What the task asks =
When you reach the line that contains "Tamborine Times, 4/9/2014", please begin copying, and carry on exactly to the last line of the material, leaving out every picture.

Given data =
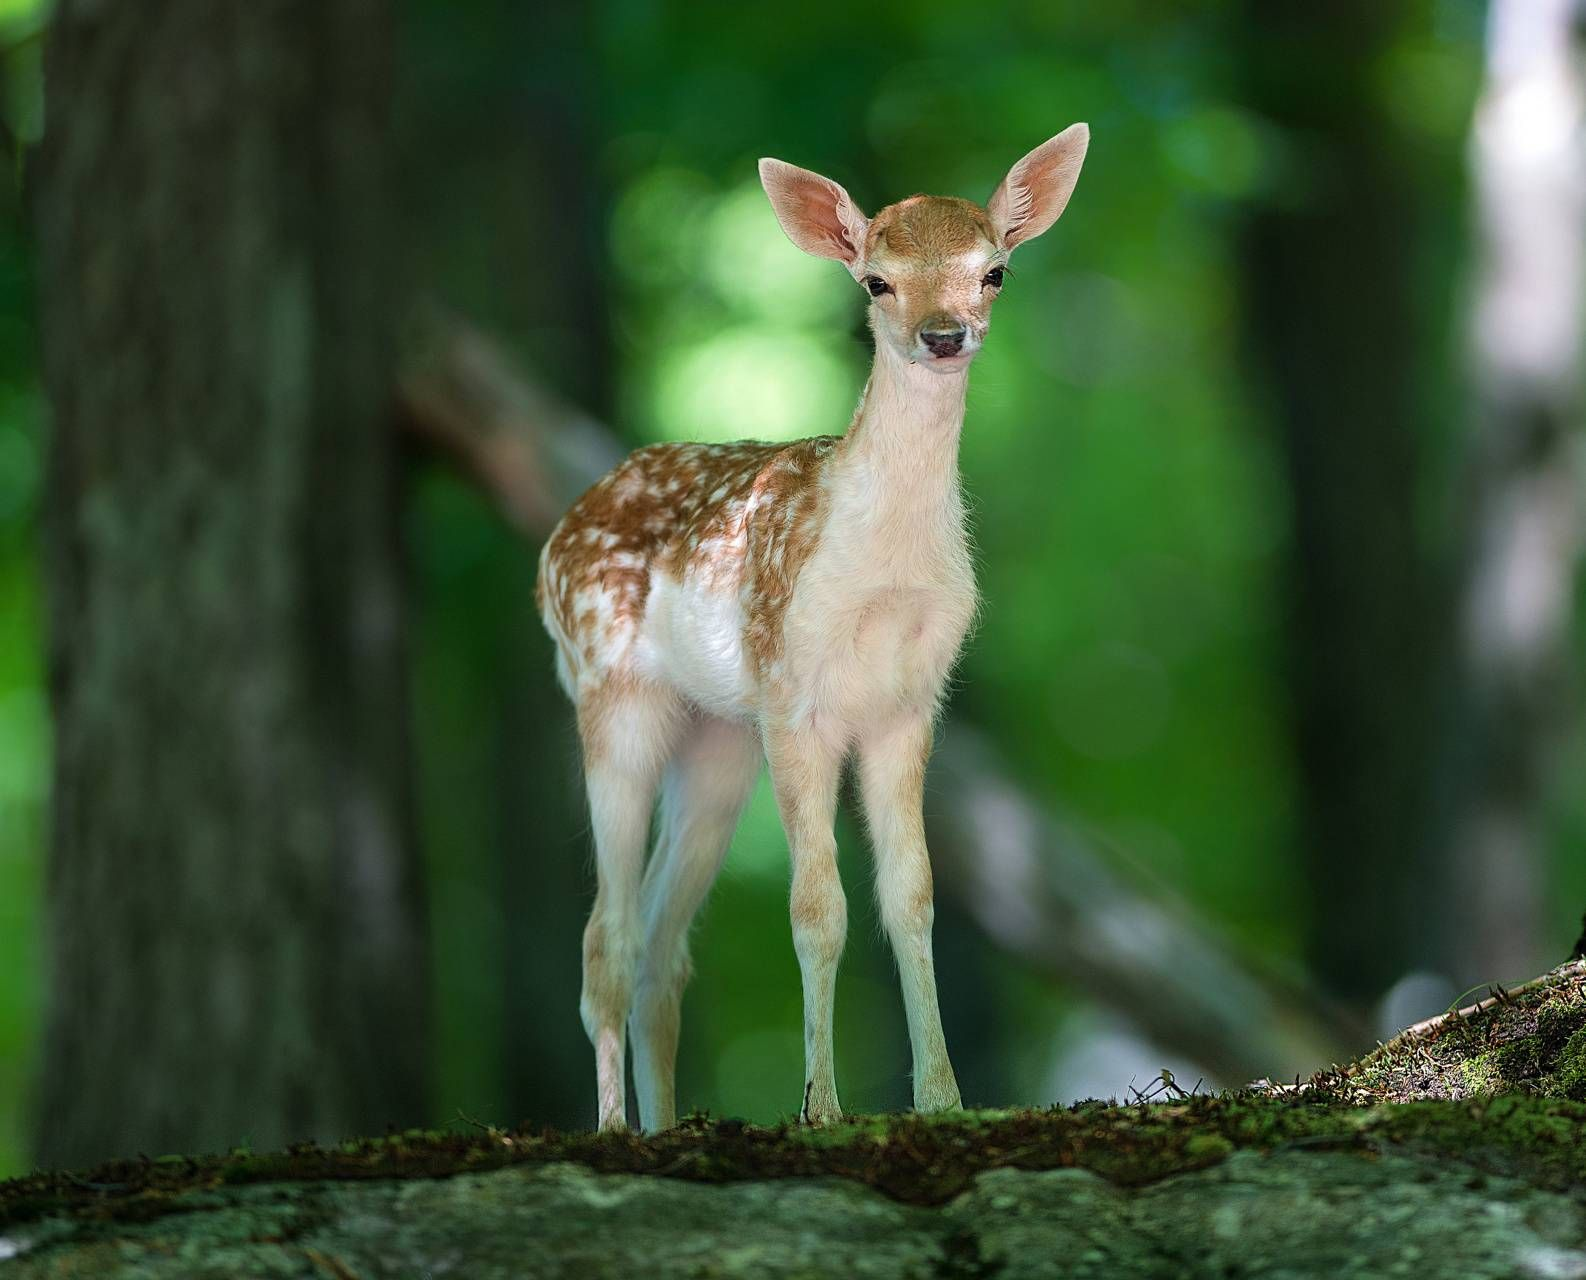 #nature #animal #pets #love #cute #animallovers #animallover #naturephotography #sweety #beauty
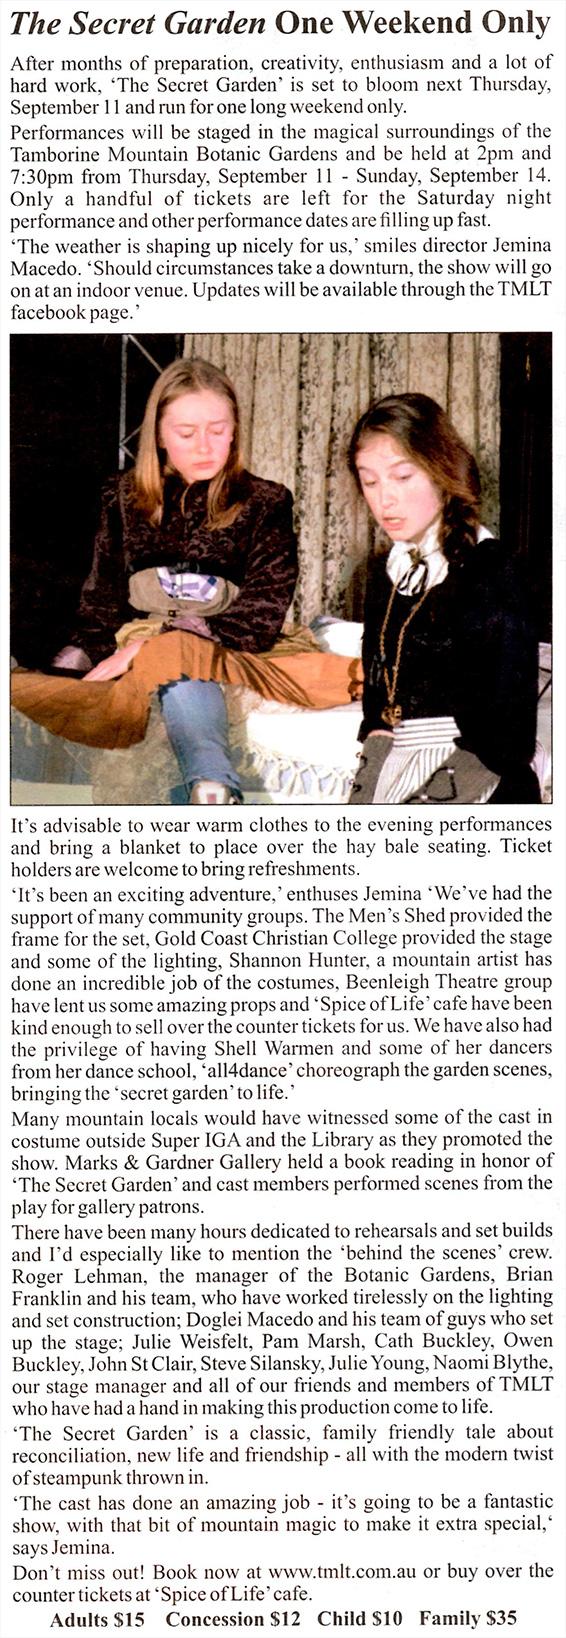 Tamborine Times, 4/9/2014
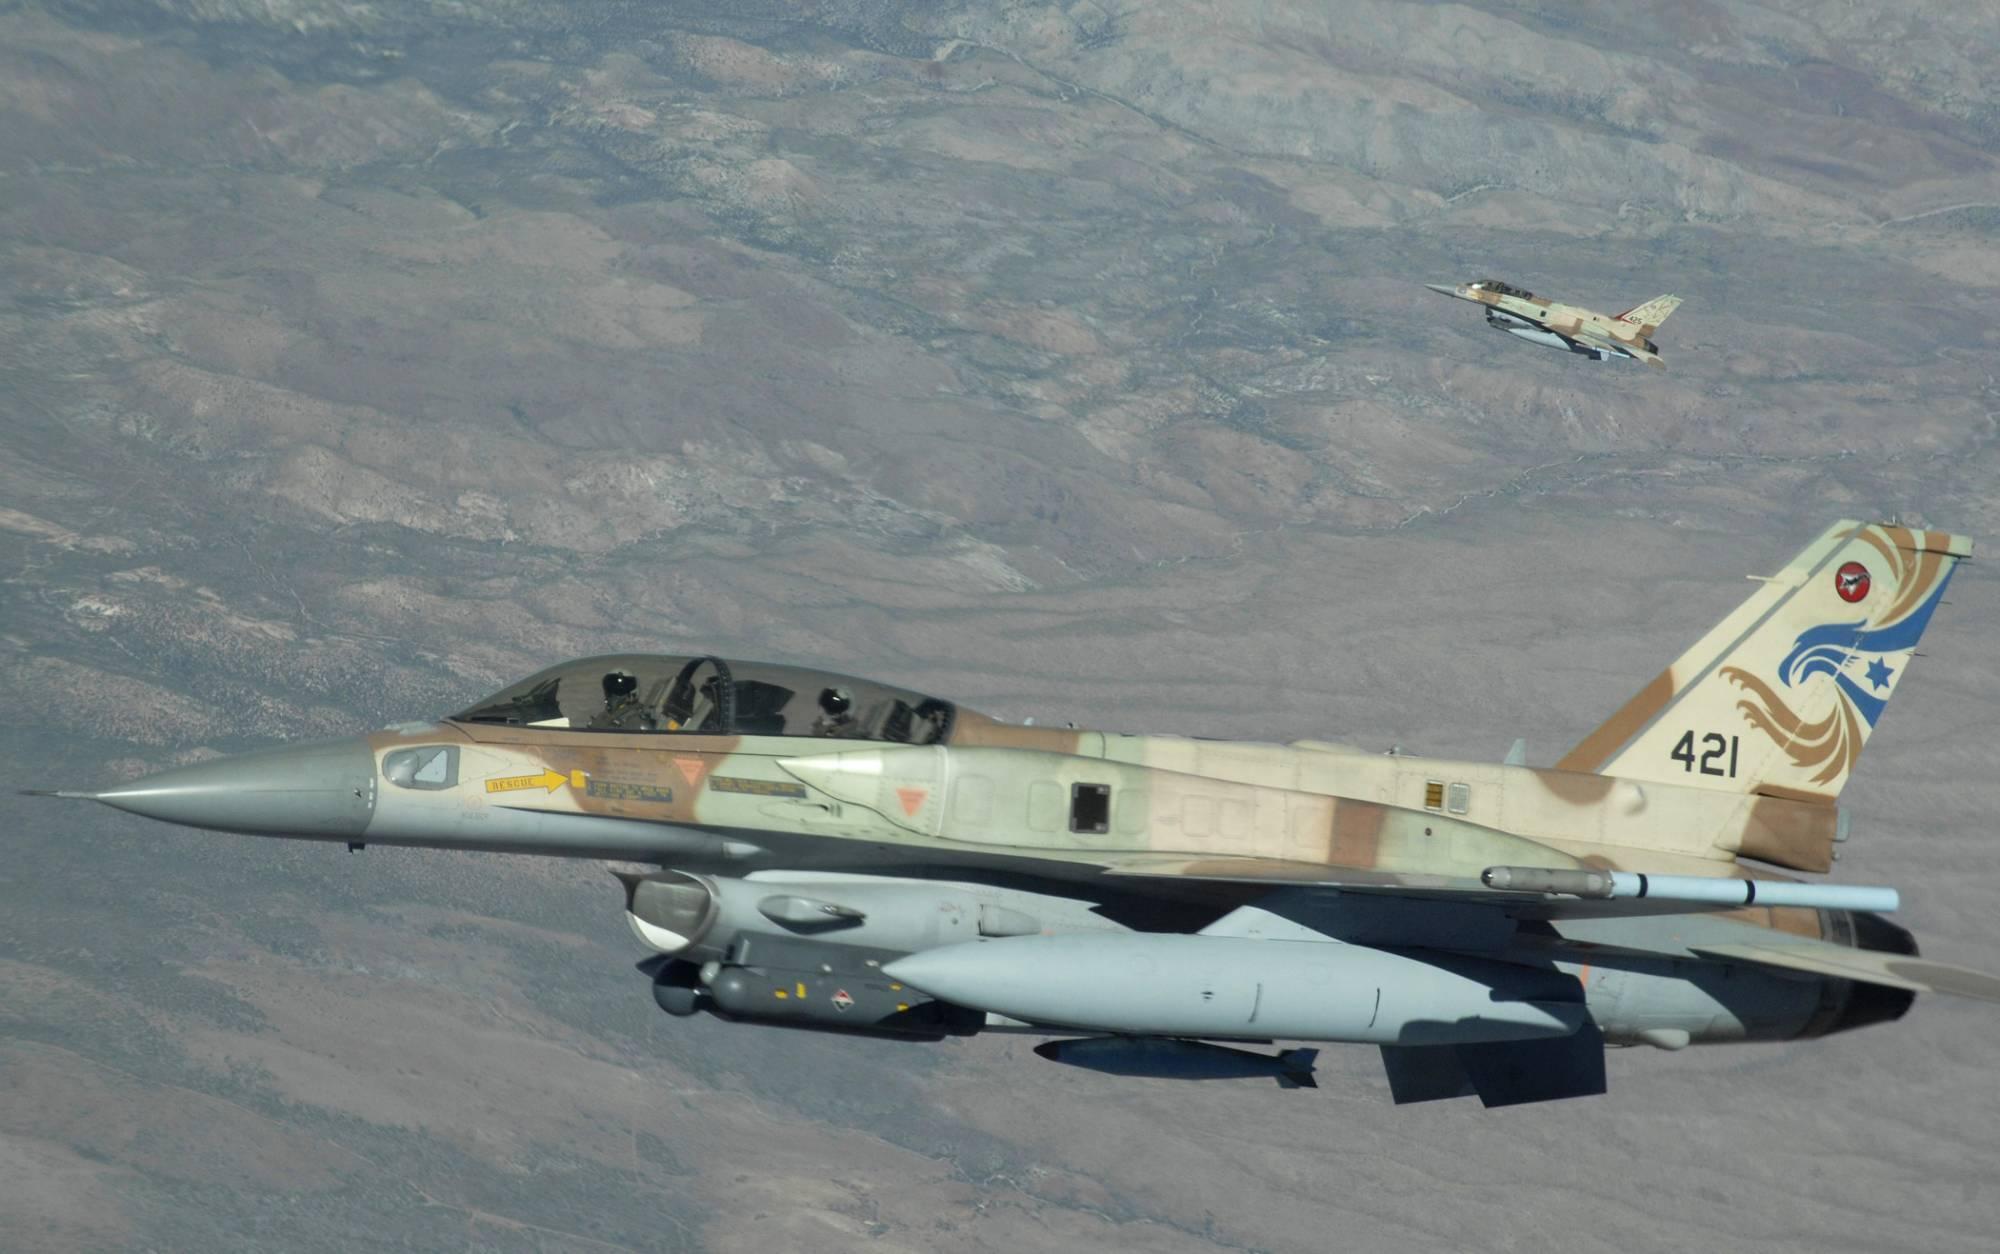 Report: Russia Blocked Israeli Overflight of Syria, Lebanon
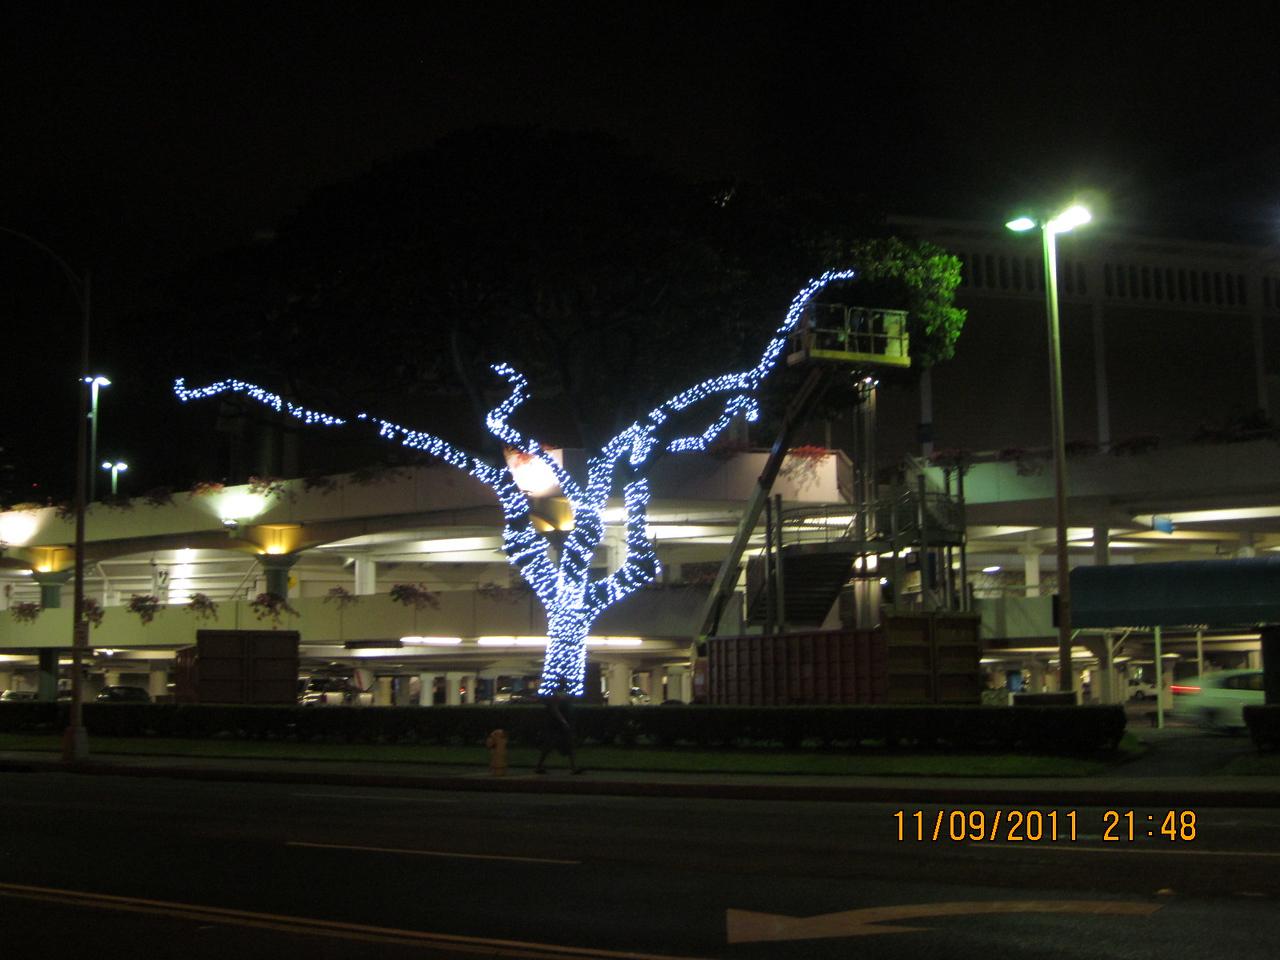 Ala Moana Mall.. starting to decorate for holiday season

Written answer =
 Tamborine Times, 4/9/2014
 Report: Russia Blocked Israeli Overflight of Syria, Lebanon
 Ala Moana Mall.. starting to decorate for holiday season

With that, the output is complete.